**Given data**.
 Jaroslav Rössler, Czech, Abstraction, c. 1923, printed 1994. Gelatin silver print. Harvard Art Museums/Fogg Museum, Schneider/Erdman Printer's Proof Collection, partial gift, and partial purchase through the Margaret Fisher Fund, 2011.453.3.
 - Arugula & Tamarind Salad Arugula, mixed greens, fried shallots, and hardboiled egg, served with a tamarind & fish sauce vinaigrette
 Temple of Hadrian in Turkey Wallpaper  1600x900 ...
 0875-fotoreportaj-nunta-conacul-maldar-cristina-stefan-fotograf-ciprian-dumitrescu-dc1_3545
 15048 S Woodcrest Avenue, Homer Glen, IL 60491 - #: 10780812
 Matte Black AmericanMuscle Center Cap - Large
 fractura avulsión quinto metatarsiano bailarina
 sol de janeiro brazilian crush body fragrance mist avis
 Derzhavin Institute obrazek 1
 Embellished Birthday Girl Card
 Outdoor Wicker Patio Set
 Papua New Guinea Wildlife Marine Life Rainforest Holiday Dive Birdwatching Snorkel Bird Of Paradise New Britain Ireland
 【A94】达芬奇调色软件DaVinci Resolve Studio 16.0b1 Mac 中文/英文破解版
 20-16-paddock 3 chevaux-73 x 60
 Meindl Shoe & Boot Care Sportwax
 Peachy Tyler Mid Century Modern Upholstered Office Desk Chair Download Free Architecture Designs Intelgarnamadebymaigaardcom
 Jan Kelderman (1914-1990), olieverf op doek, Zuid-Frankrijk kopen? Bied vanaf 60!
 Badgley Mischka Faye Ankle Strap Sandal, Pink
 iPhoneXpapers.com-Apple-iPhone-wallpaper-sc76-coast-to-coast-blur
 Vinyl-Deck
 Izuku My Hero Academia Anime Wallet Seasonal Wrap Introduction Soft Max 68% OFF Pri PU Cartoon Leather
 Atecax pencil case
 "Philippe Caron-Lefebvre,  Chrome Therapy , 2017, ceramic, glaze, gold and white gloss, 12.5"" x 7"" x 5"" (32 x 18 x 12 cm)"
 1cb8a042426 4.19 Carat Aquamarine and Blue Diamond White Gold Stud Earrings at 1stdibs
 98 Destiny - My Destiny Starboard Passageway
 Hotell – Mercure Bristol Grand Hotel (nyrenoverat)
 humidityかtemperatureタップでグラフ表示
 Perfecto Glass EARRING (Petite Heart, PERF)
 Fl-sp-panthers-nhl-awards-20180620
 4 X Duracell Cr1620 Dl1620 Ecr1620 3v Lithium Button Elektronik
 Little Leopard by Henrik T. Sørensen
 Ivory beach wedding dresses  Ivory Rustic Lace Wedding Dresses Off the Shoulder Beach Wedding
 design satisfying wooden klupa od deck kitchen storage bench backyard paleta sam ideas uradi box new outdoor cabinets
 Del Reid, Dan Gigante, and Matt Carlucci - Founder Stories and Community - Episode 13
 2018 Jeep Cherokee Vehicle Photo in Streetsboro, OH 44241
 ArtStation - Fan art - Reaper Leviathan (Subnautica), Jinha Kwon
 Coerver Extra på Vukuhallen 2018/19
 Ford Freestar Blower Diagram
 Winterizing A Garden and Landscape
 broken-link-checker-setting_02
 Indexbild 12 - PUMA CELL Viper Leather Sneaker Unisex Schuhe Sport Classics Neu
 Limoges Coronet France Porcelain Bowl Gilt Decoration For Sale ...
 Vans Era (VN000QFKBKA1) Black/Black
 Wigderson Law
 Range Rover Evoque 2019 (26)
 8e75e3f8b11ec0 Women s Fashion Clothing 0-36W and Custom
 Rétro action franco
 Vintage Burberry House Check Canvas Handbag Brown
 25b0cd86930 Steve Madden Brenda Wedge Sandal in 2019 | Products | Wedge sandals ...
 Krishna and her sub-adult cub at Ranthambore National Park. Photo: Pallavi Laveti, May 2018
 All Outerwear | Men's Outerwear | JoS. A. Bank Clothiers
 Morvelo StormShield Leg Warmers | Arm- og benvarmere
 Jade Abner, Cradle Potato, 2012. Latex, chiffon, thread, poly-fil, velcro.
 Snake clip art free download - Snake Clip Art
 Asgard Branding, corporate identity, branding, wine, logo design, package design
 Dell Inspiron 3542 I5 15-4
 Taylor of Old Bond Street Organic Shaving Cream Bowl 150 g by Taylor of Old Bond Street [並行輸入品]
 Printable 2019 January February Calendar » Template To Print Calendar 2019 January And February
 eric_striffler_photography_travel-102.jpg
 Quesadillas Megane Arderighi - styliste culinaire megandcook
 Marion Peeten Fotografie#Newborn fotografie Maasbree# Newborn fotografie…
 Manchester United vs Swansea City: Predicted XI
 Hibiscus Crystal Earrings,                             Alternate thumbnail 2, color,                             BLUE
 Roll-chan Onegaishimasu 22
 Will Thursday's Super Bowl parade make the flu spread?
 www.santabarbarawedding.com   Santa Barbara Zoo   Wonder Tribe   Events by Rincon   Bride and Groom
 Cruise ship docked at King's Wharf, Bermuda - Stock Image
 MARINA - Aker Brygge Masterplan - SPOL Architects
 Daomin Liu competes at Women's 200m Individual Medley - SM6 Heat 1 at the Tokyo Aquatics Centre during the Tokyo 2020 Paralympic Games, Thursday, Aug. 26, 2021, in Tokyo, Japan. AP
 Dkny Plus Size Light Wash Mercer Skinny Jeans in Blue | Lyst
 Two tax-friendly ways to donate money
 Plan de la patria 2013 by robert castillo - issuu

**Task directions**. Across the listing, count every line with the word "Earrings" in it. Answer with the number alone.

**Solution to this problem**. 2